Here is a listing. Write it all out again exactly, but not its pictures.
[The data]
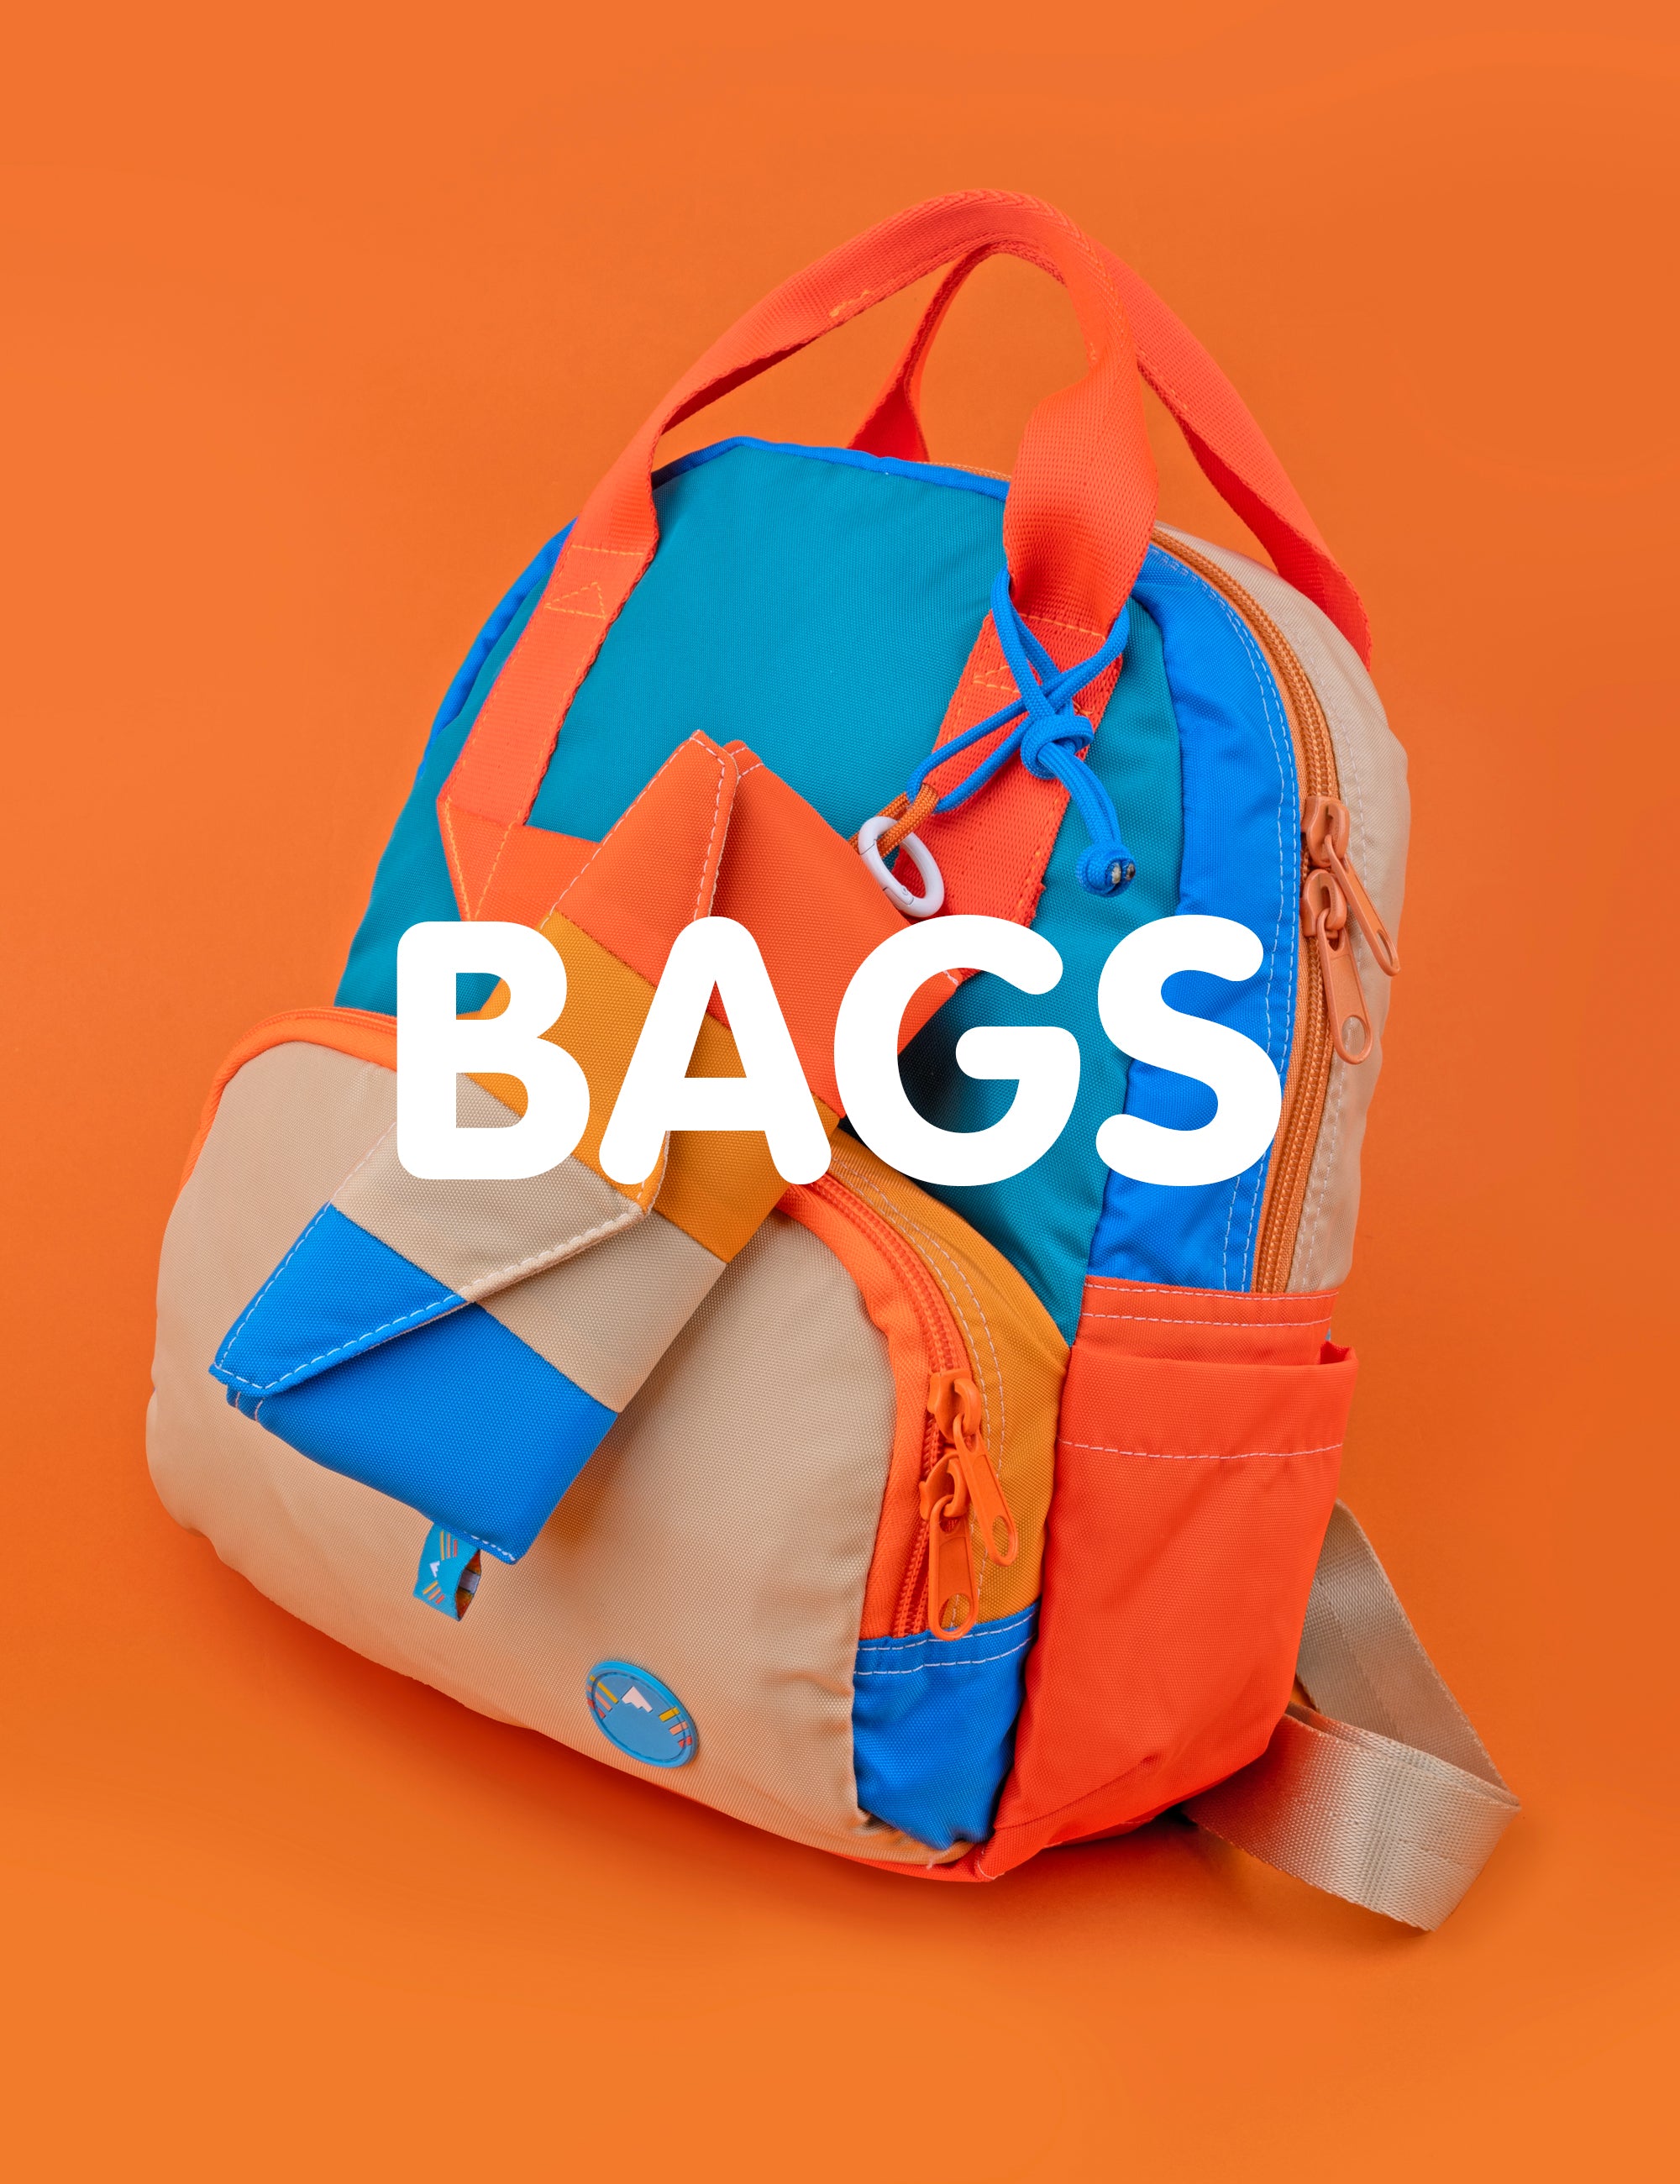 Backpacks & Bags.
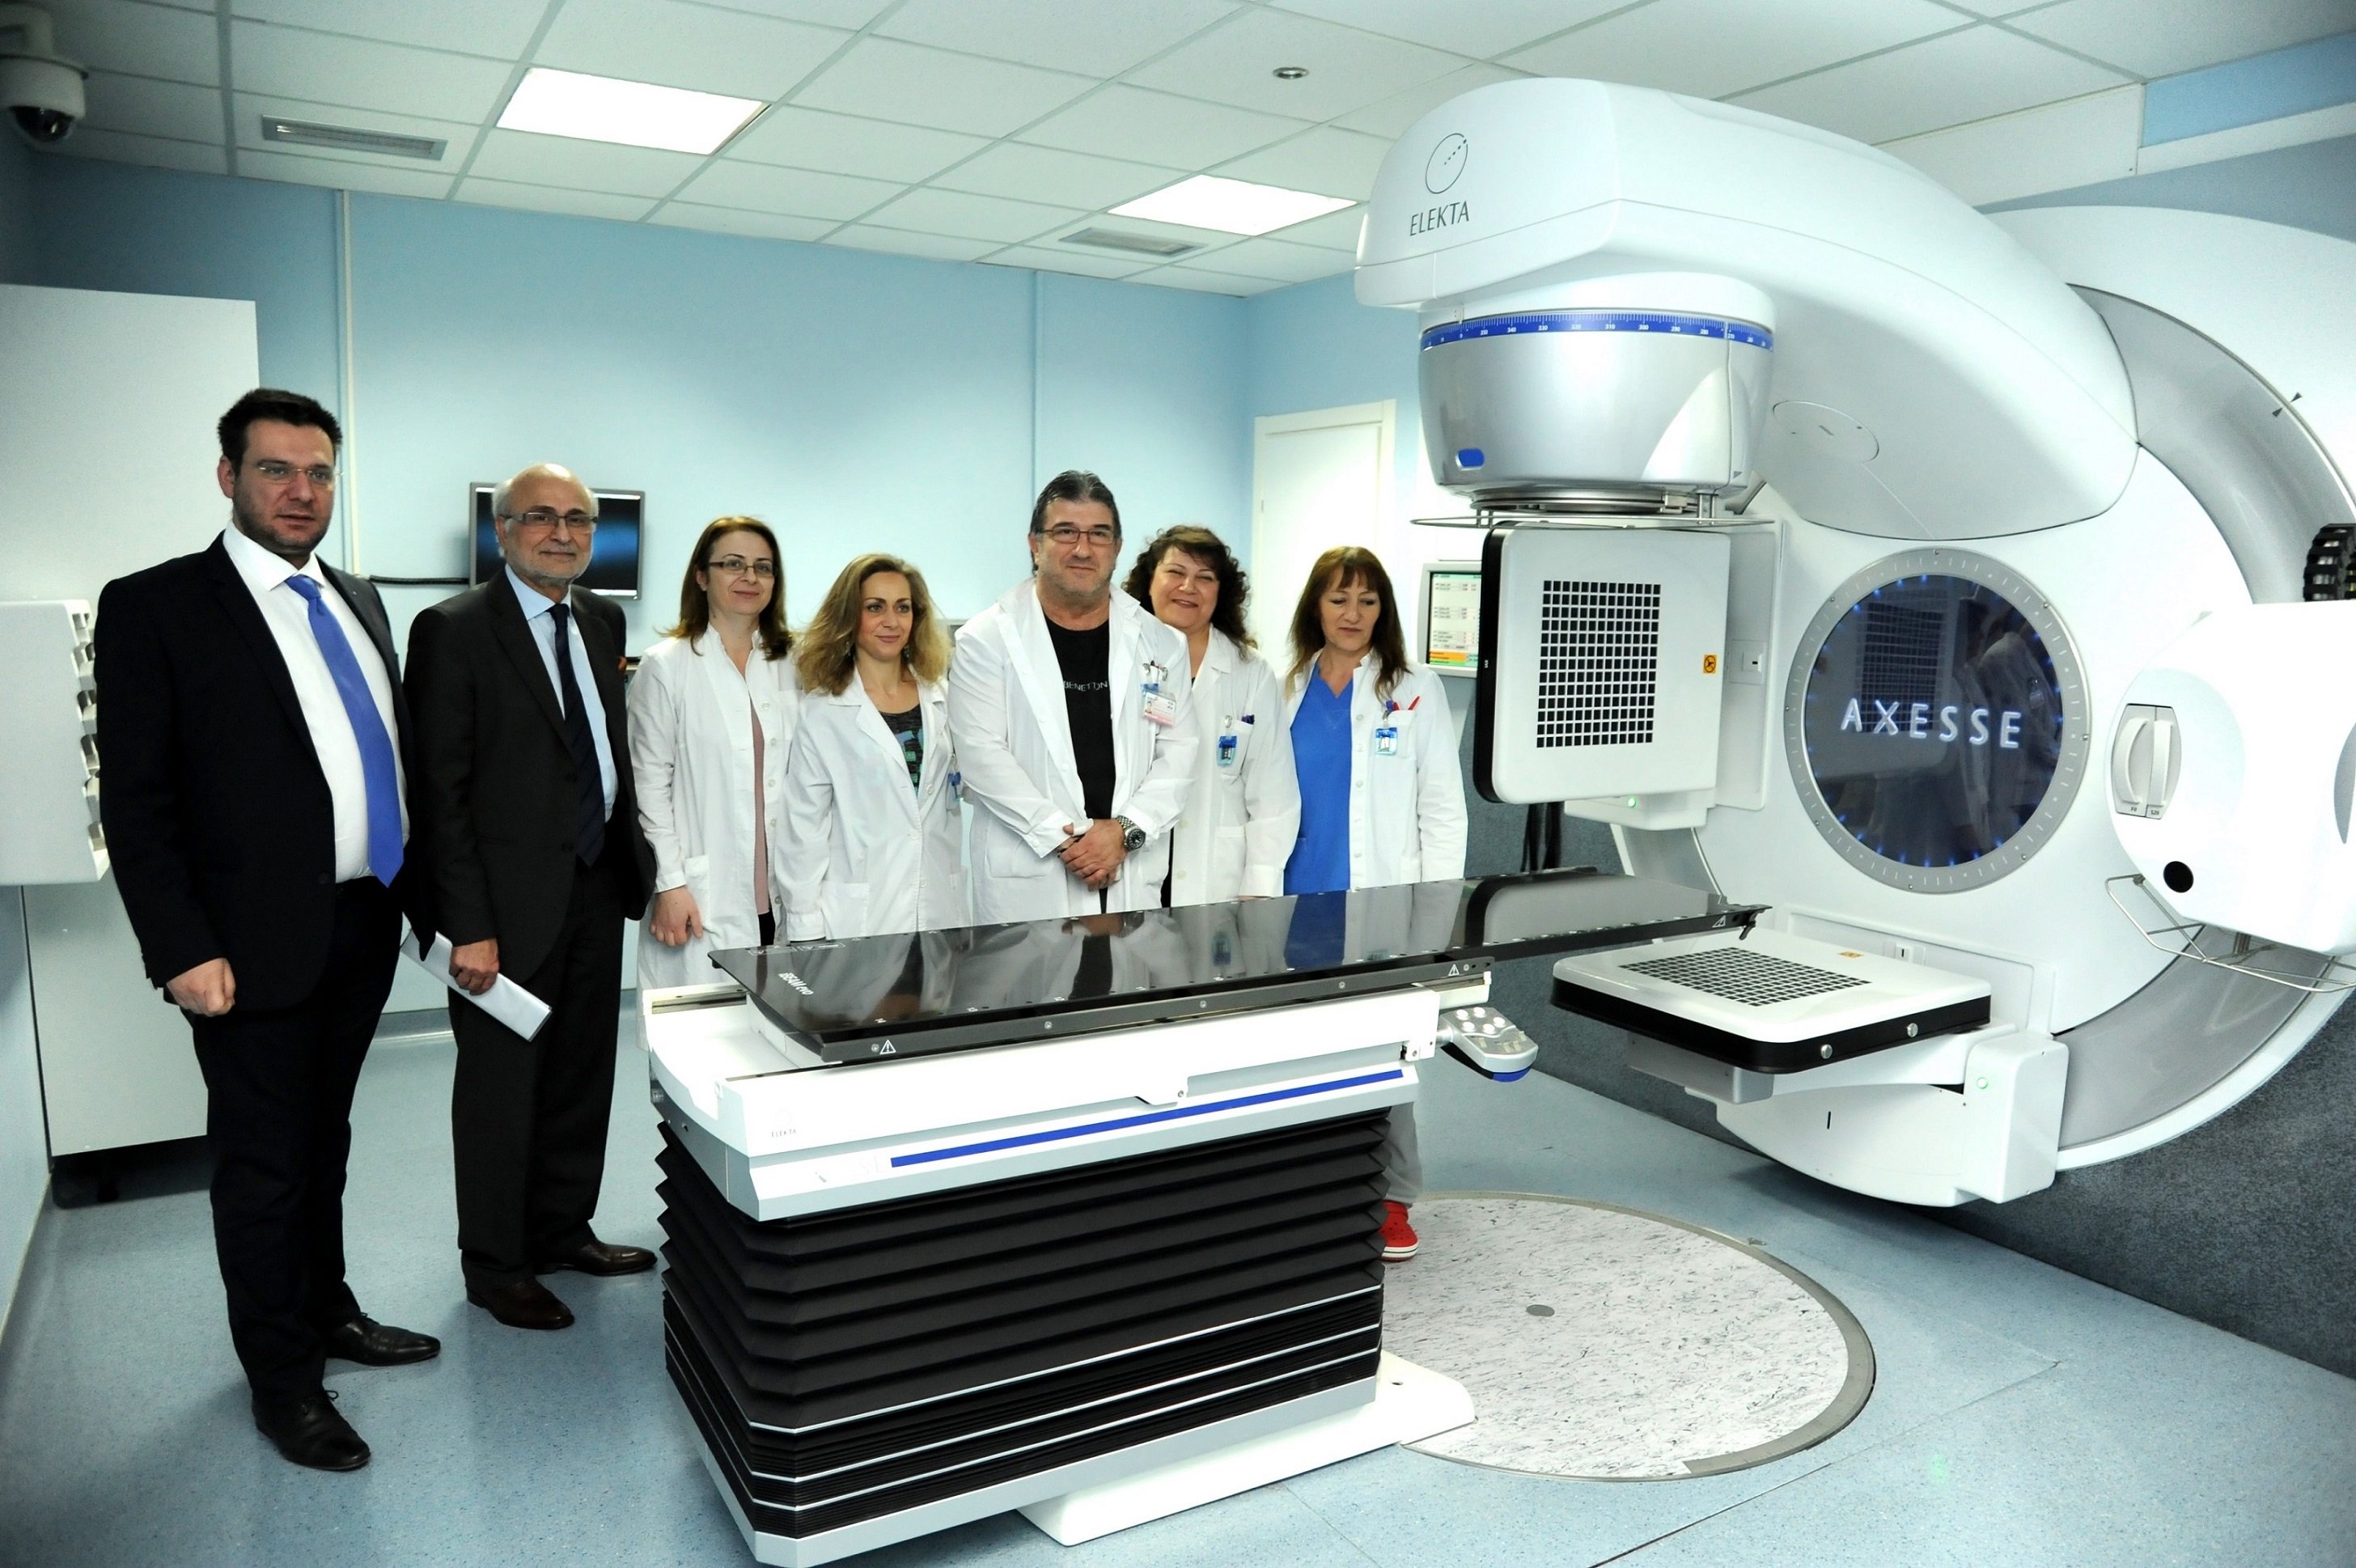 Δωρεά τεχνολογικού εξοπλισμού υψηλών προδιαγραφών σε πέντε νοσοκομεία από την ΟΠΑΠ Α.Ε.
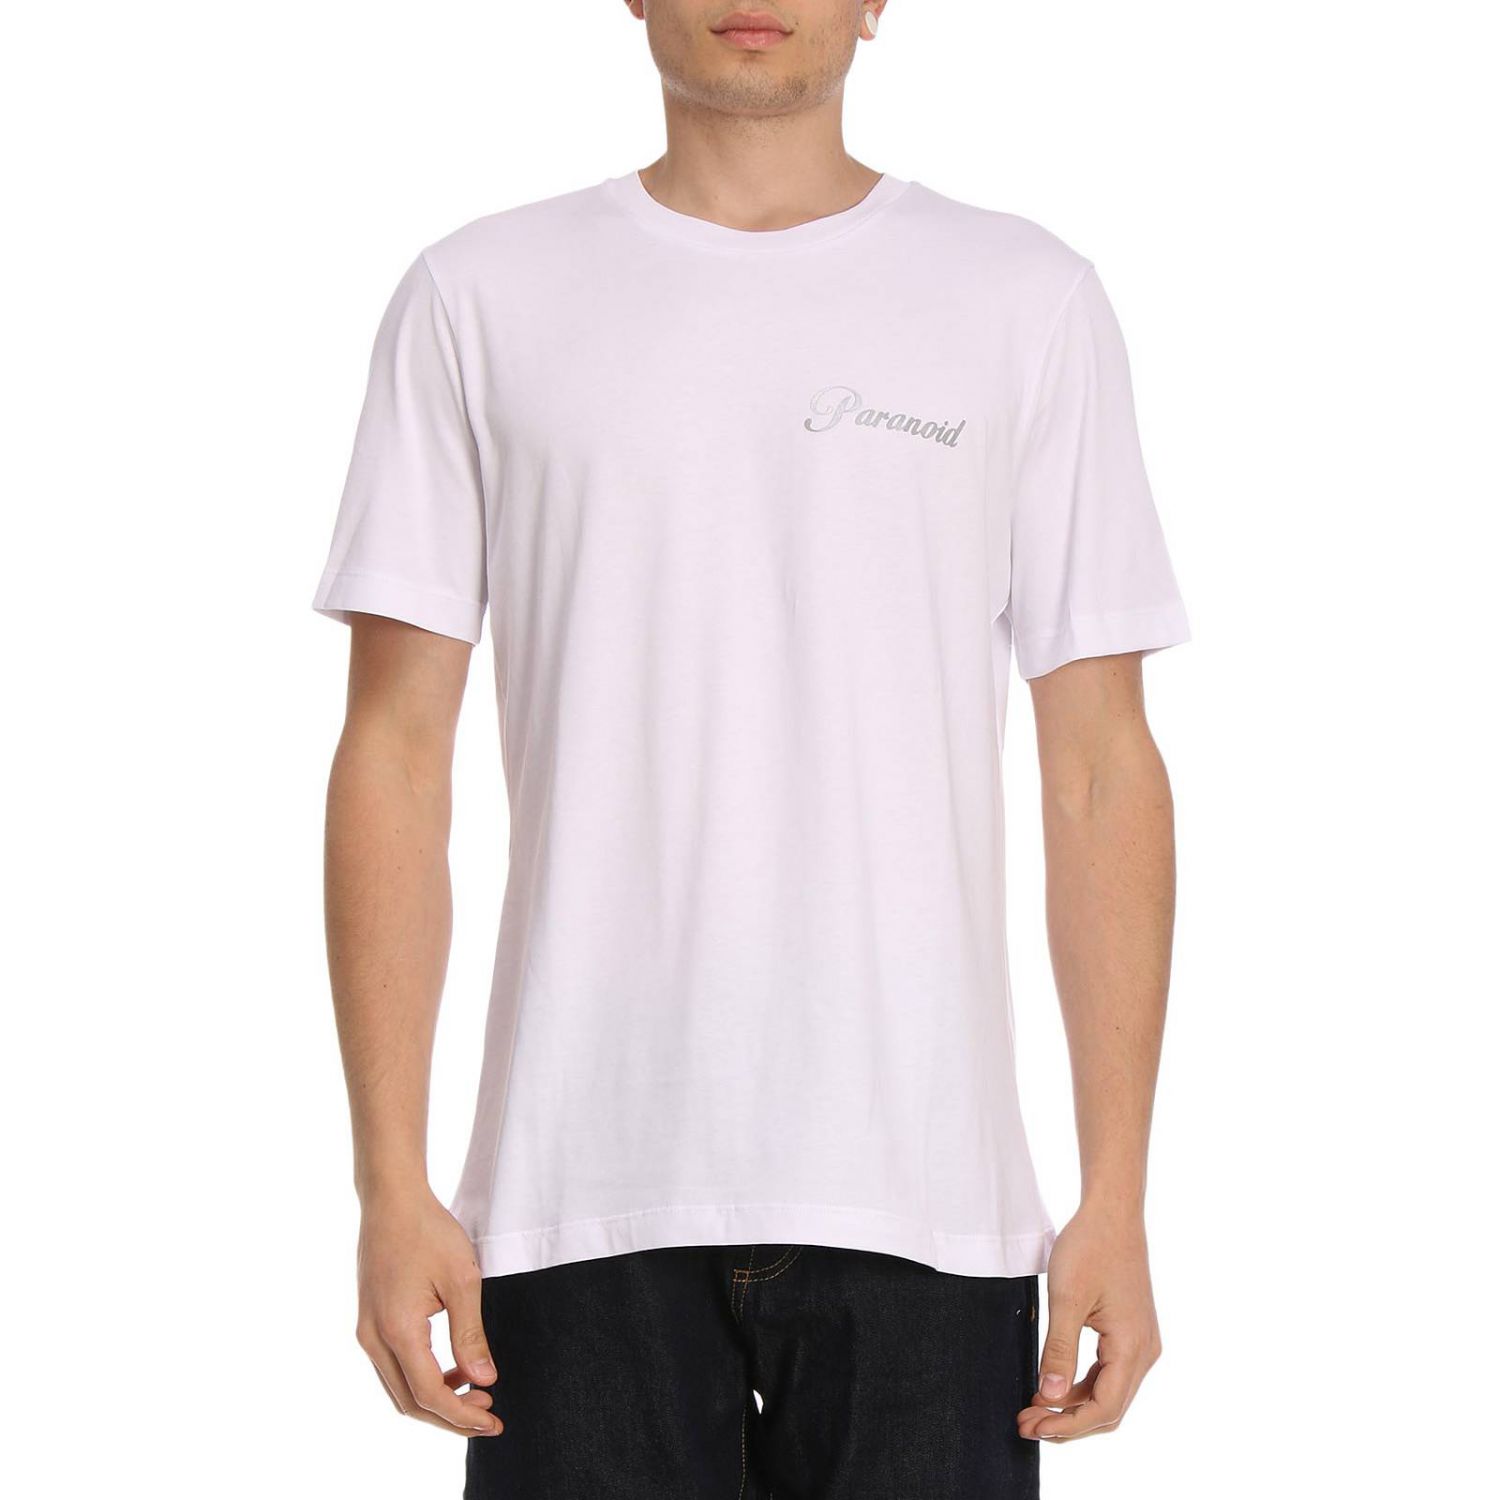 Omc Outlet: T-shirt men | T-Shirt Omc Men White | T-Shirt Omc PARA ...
[/The data]
◆ Response ◆
 Backpacks & Bags.
 Δωρεά τεχνολογικού εξοπλισμού υψηλών προδιαγραφών σε πέντε νοσοκομεία από την ΟΠΑΠ Α.Ε.
 Omc Outlet: T-shirt men | T-Shirt Omc Men White | T-Shirt Omc PARA ...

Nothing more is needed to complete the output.